初来乍到的李怡然给秦寿带来很多苦恼,特别是她与刁蛮公主臭味相投,简直就是人来疯二人组,短短半个月时间,把长乐闹得鸡飞狗跳。
对此秦寿除了无奈还是无奈,也不知道她是玩的还是来做事的?秦寿也不敢去招惹她,惹不起躲得起,钻进农田里与佃户们一起种田,赢得了一片爱戴的赞誉声。
“没有动静?”
当薛仁贵在农田里找到累得腰酸背痛的秦寿,把收到的飞鸽传信递给秦寿后,看到刘仁轨简练的语词,秦寿忍不住纳闷起来,太诡异了!
“薛将军,辛苦你了,征兵进行的如何?”
偷懒的秦寿锤着腰,摆摆手阻止薛仁贵讨好的帮忙,秦寿可不敢叼劳薛仁贵,这传出去成何体统?转开话题询问薛仁贵征兵问题。
“一切进展的很顺利,就是人太多了……需要考察一番!”
薛仁贵如实说出实情,征兵告示一出简直是人山人海,长乐的服兵役比起大唐好多了,甚至不少慕名而来的府兵也在其中,而且还是偷奸耍滑借故离职拼拼运气。
薛仁贵的话秦寿头疼不已,难怪最近这些日子,不少大唐将军串门,感情是为这事,头疼不已的秦寿挥挥手,示意薛仁贵去忙他的。
‘太诡异了!’薛仁贵离去后,秦寿忍不住皱起眉头,想不通一直打自己主意的幕后黑手,怎么那么沉得住气?还是筹划着给刘仁轨来一次大惊喜?
比起秦寿的郁闷,相隔遥远的刘仁轨更郁闷,三艘商船与两艘蒙冲将近使出黄海之滨,浑浊偏黄海水一望无际,出海后隔三差五几乎难以见到有船只过往。
刘仁轨拿出单筒望远镜,站在船头瞭望附近海域四周情况,平静了半个月没有遇到阻拦,刘仁轨忍不住心生疑虑,秦寿是不是多心过头了?

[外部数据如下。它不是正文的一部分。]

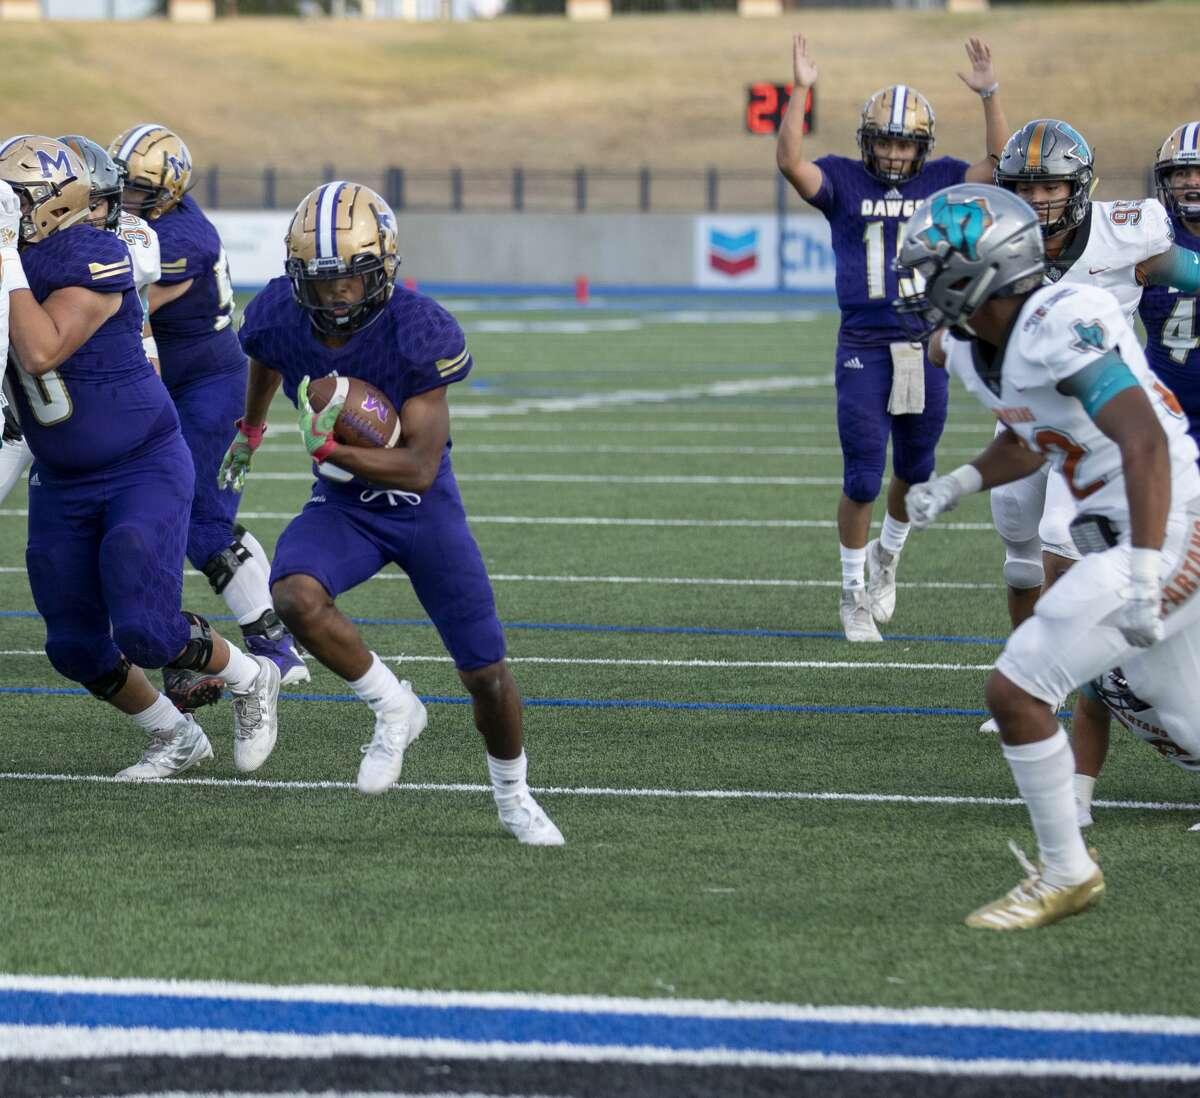 Midland High's Daniel Garcia scores a touchdown Friday, Sept. 6, 2019 at Grande Communications Stadium.

没有想象之中遇到强盗,顺风顺水驶出大唐境内,害得将士们连续半个月时间没休息好,都在紧张气氛之中度过,在如此下去也不是办法,将士们肯定受不了。
“刘校尉,有动静吗?”
虬髯客也不知道自己问了多少遍这个问题,从出航到现在,一天至少问个好几次,可想到船中运输的兵器,虬髯客不得不谨慎提防。
再次见到辽阔的大海,虬髯客感叹连连,大海真的是魅力无穷,滚滚波涛击浪中流,沙鸥鸣空锦鳞入水,海天一色心旷神怡。
“唉……”
刘仁轨摇摇头叹息一声,收起单筒望远镜,目光如炬看着平静的海面,越是平静的海面,此时此刻刘仁轨越是觉得危机重重。
水,刘仁轨现在最担心还是水的问题,夏日出航水是最紧缺的,虽然出海前在境内补充满了水源,可难不保遥远的海程会不会消耗过度?
“刘校尉,对面的船只发来旗语,何意?”
虬髯客不知道刘仁轨的担忧,当他发现另一艘蒙冲,张德志两兄弟指挥的蒙冲,发来怪异的旗语后,忍不住好奇提醒刘仁轨。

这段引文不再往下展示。